Enfin, des AINS ayant un rapport COX-1/COX-2 bas font leur apparition sur le marché français
(mélodica, nabumétone, nimésulide) et, en 2000, apparaissent les coxibs (celecoxib, rofécoxib).
EFFETS INDESIRABLES
Bien que constituant un groupe chimiquement hétérogène, les AINS ont souvent les mêmes effets
secondaires. Les effets indésirables des AINS sont fréquents mais sont, le plus souvent, peu graves
et régressifs à l'arrêt du traitement. La fréquence des effets secondaires de chaque AINS est
difficile à évaluer ; il existe en effet une grande variabilité du taux d'apparition de ces
manifestations qui semble dépendre du protocoles des études, des populations étudiées, de la
méthodologie employée. Par ailleurs, les patients qui font partie d'études cliniques rapportent une
fréquence plus élevée d'effets secondaires que ceux qui n'y sont pas, et, notion plus importante,
c'est parmi les patients qui ne sont pas dans des essais cliniques que l'on signale les effets
secondaires sévères.

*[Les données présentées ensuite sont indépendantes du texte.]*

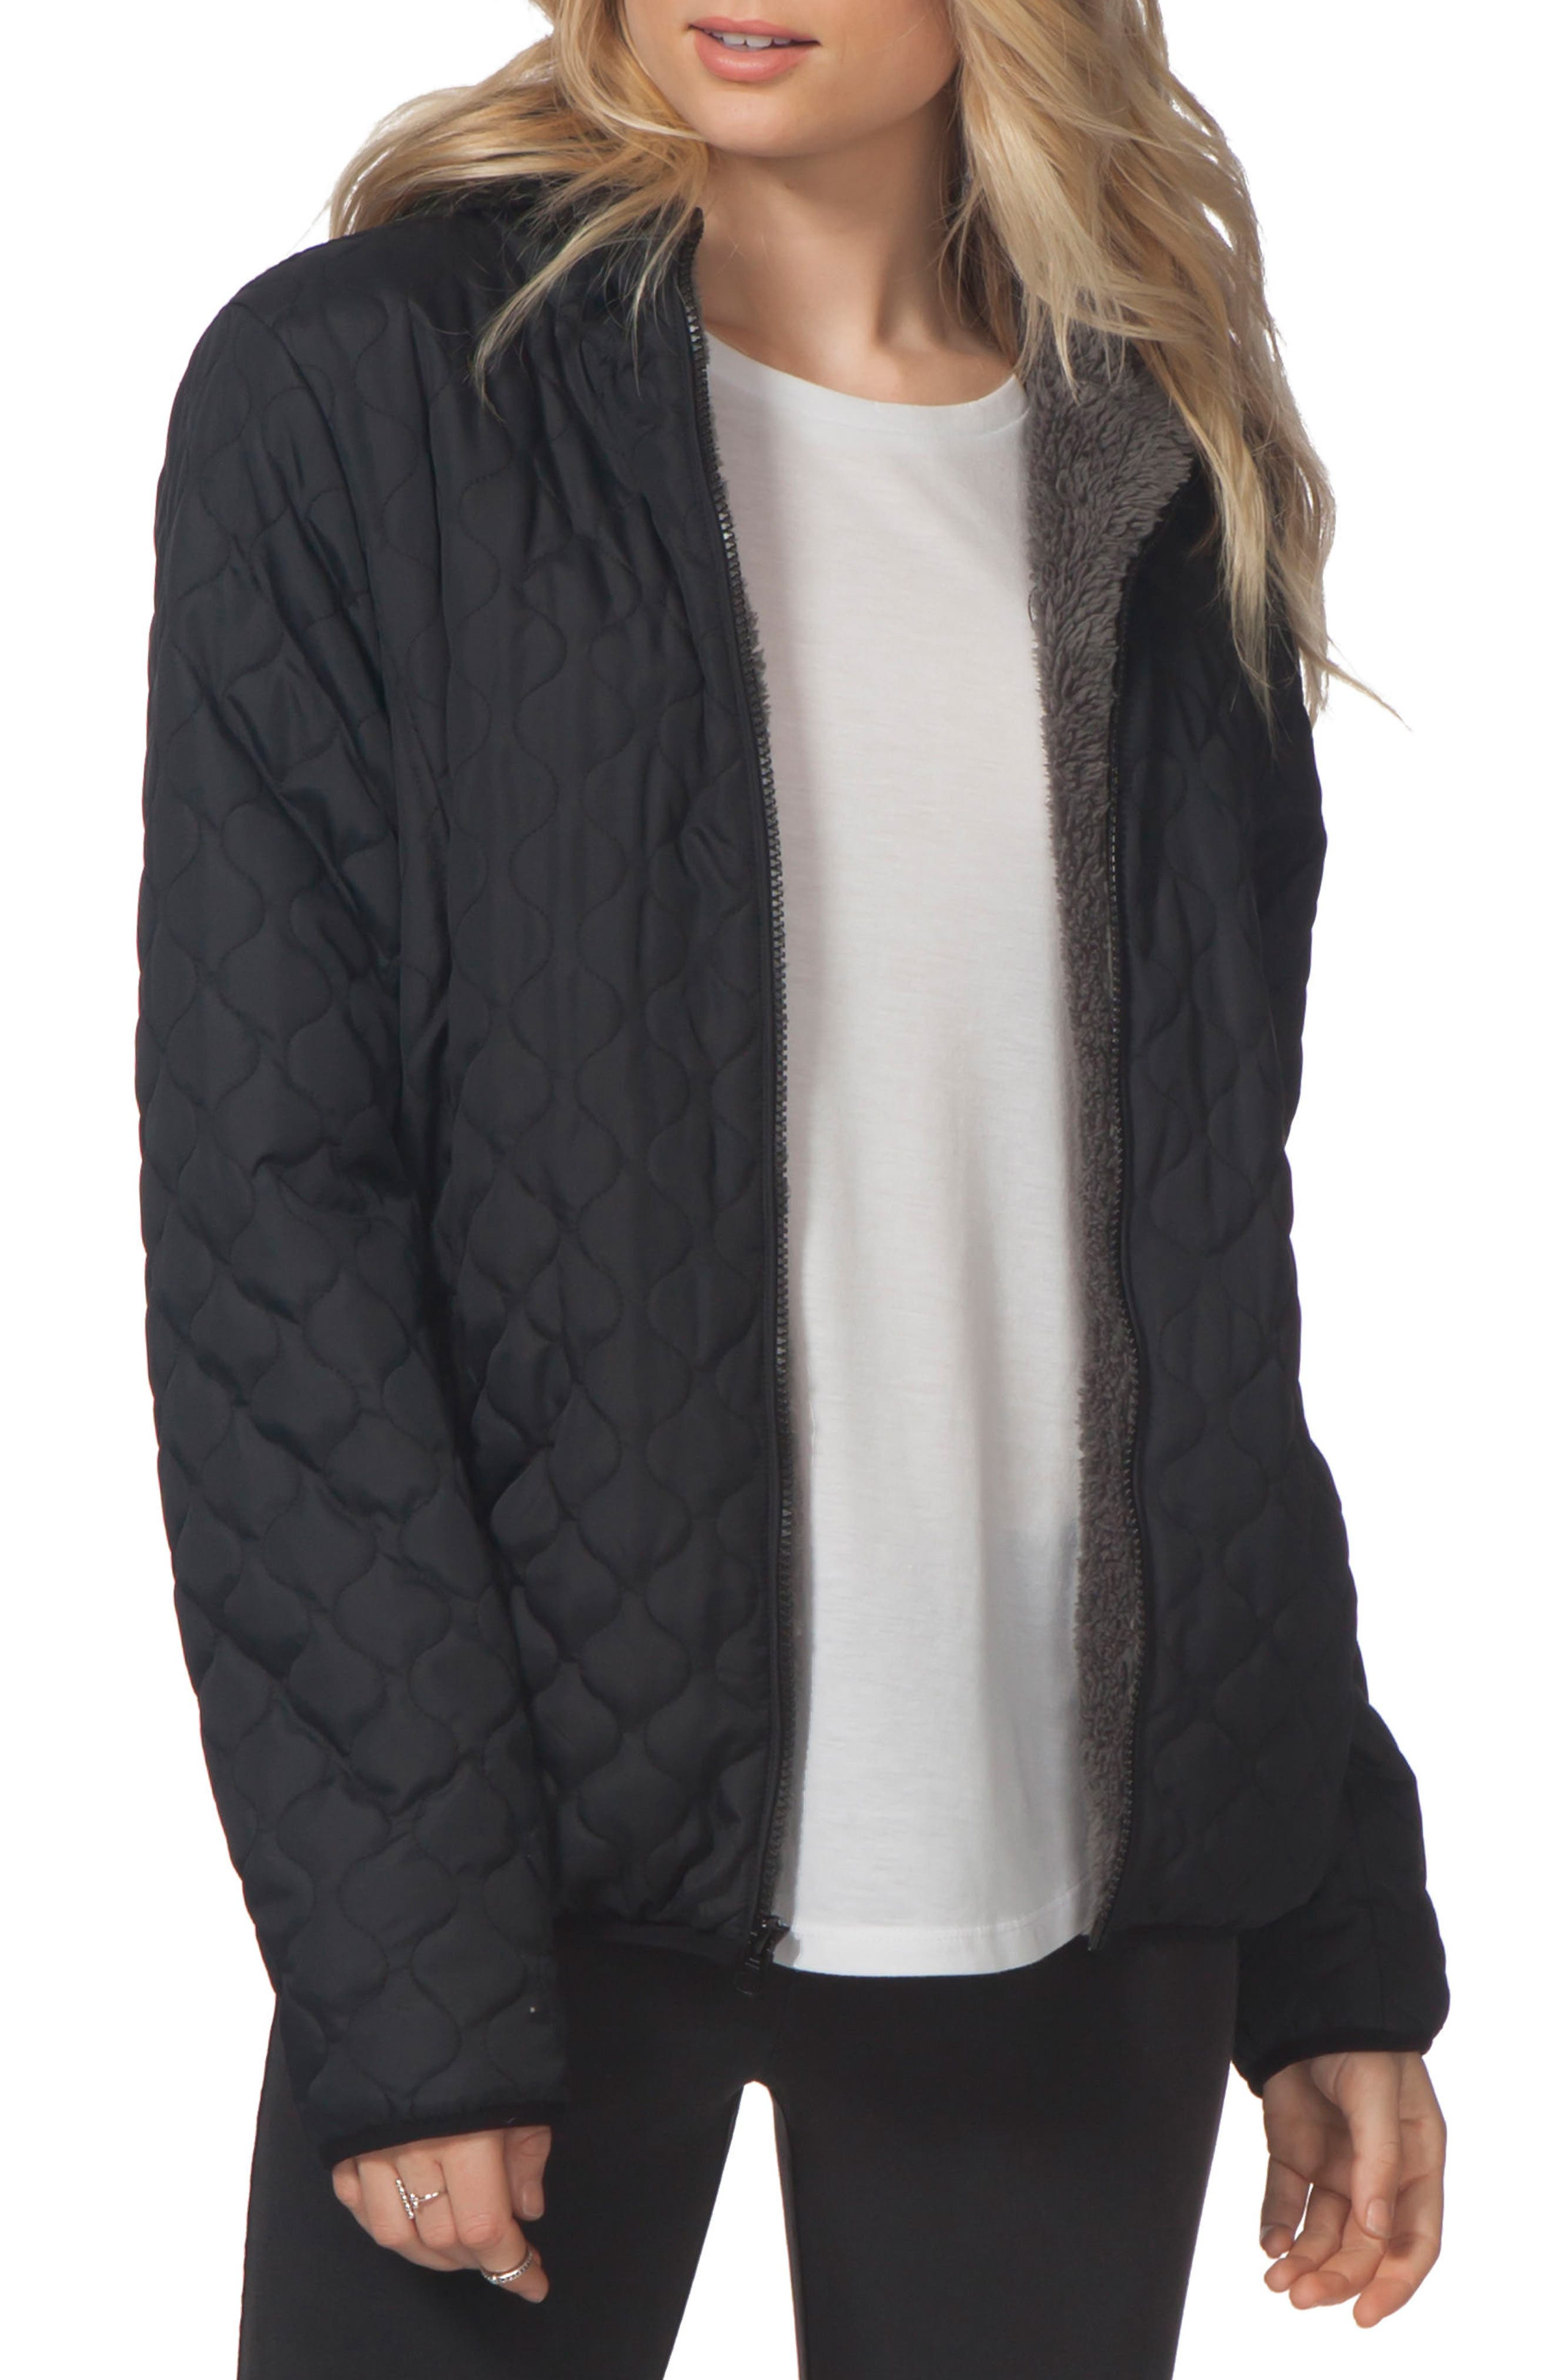 Rip Curl Anoeta Anti Series Jacket

Le risque relatif d’effets digestifs par exemple, varie selon les séries (tableau
II).
Complications digestives
Les effets indésirables digestifs sont les plus fréquents (15 à 25 %). Il n'existe pas de parallélisme
entre la symptomatologie fonctionnelle et la nature des lésions digestives observées par endoscopie.
Citons la stomatite, l’œsophagite peptique, les ulcères aigus de l’œsophage, les sténoses peptiques
sur reflux gastroduodénal par hernie hiatale
Sur l’intestin grêle et le côlon des lésions d’ulcérations, des hémorragies et des perforations ont été
décrites depuis plus de 30 ans. Les AINS peuvent être responsable d’entérocolites nécrosantes chez
l’enfant, d’une augmentation de la perméabilité intestinale, d’une entéropathie exsudative, de
sténose par « diaphragme ».
Sur le colon enfin, il peut y avoir des colites « banales », des colites ulcéreuses (RCH ou Crohn) ou
ischémiques. Le rôle des AINS dans la complication d’une diverticulose colique est débattu de
même que l’augmentation du risque d’appendicite aiguë sous AINS après 50 ans.

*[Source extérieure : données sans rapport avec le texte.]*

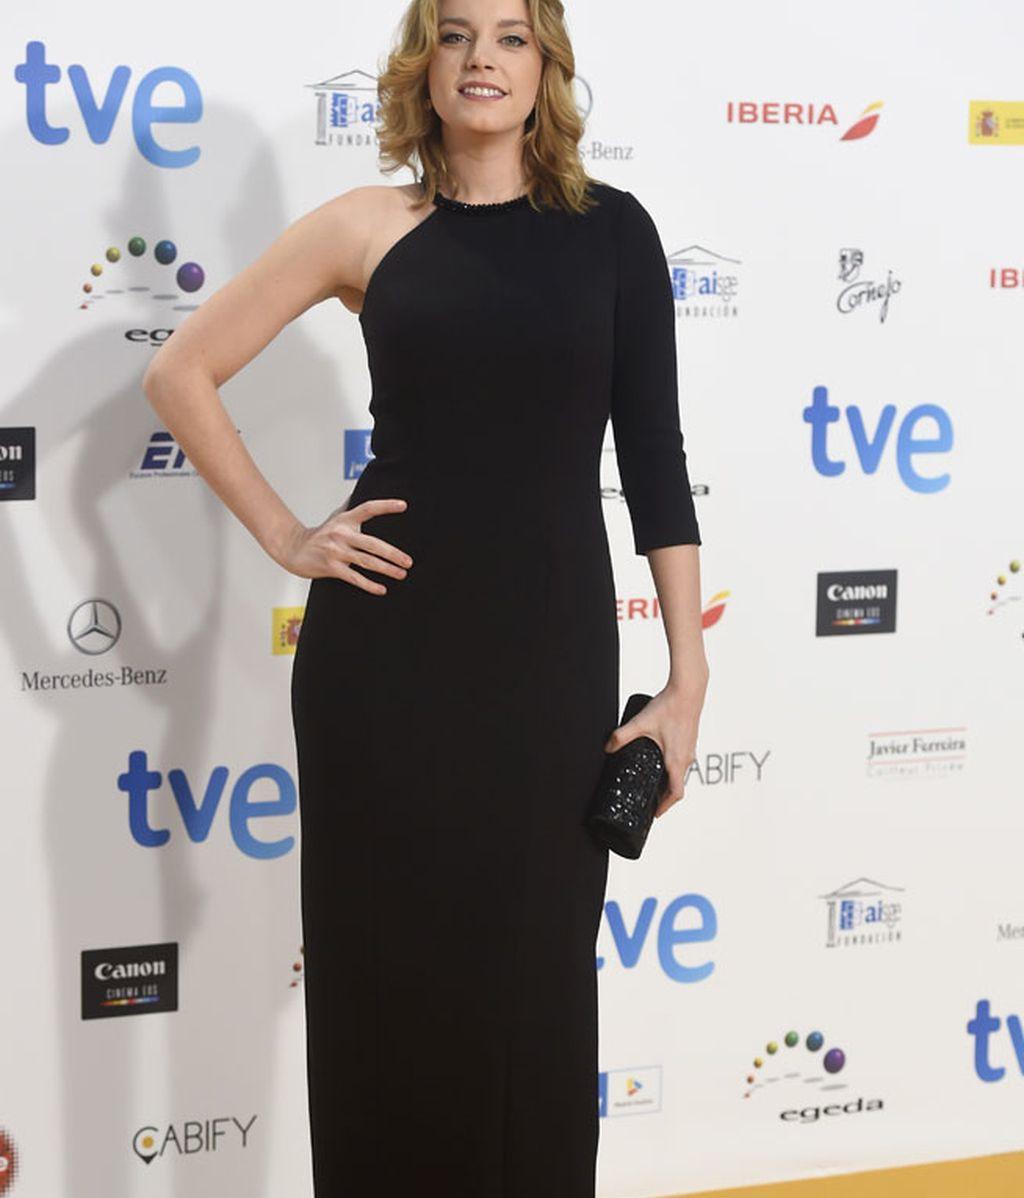 Carolina Bang lució un vestido negro asimétrico

Les complications hépatiques sont rares, et se résument le plus souvent à une élévation isolée des
transaminases mais des hépatites cytotoxiques et des décès ont été rapportés. L'aspirine à fortes
doses, les pyrazolés sont les plus souvent incriminés, mais tous les AINS peuvent être mis en cause.
L'imputabilité de l'AINS est parfois difficile à établir surtout chez les sujets polymédicamentés.
L'arrêt du médicament s'accompagne d'une normalisation des transaminases.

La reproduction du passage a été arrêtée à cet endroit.